Gönderilme zamanı: 20 Eki 2008, 18:37
gönderen denizindibi
Serdar on iki yaşındaydı. Bir yıl vardı ki, mahalle arkadaşlarıyla şehir dışındaki top sahasında maç yapmaya gidiyorlardı. Birkaç günde bir öğleden sonra maç yapmaya giderken ağaçlıktan dolanıp top sahasına varıyorlardı. Aslında kestirmeden gitmek vardı ya o zaman da mezarlıktan geçmek gerekiyordu. Bu işe de pek istekli olan yoktu. Bazen maç uzuyor, karanlığa kalıyorlardı. Çocuklar evlerine geç kalmamak için, böyle durumlarda mezarlıktan geçiverelim diye maç bitiminde atıp tutuyorlardı ama mezarlık kapısına gelindiğinde sesler kesiliyordu.

Bir iki derken bu durum bir akşamüstü yine karanlığa kalınmıştı. Maç çok uzamış ve epey geç olmuştu. Dönüşü yok mutlaka mezarlıktan geçiyoruz diyenler yine mezarlık kapısına gelindiğinde susmuştu.

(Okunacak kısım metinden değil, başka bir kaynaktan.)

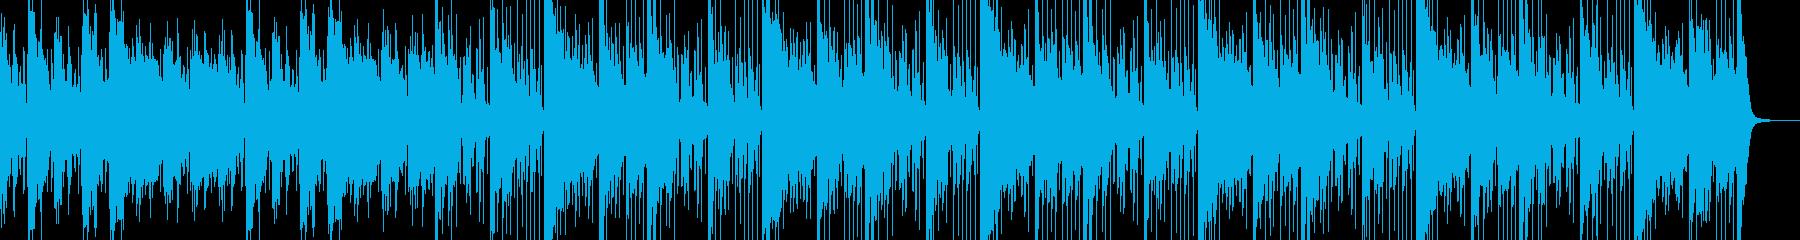 異様な空気感の奏でるミステリアスなBGMの再生済みの波形

Serdar duruma el koymak ihtiyacını hissetmişti. “ Arkadaşlar, arkamda tek sıra olun. Ben sizi mezarlıktan geçiririm “ dedi ve arkadaşlarının arkasında tek sıra olmasını sağladı. Hafif ay ışığı vardı ve kesme taşlardan yapılmış mezarlık içindeki dar yolu aydınlatıyordu. Etraf zifiri karanlıktı. Çocuklar sessizce Serdar’ın peşi sıra ilerlediler. Yolun yarısına gelinmişti ki yan taraftaki mezarlıktan bir el uzandı. “ Tut elimi, benim elimi tut “ diyordu derinden gelen bir ses. Serdar irkildi. Yüreği ağzına gelecekmiş gibi oldu. Çok korktu. Arkasına baktı. Kimse yoktu. Hani arkadaşları neredeydi? Gerisin geriye dönüp kaçmaya başladı. Hızla mezarlıktan çıktı. Hedefi top sahasıydı. Oraya ulaşmak istiyordu. Iki kere arkasına da bakmıştı. Gördükleri tarifi imkansız şeylerdi. Peşinde ölüler vardı.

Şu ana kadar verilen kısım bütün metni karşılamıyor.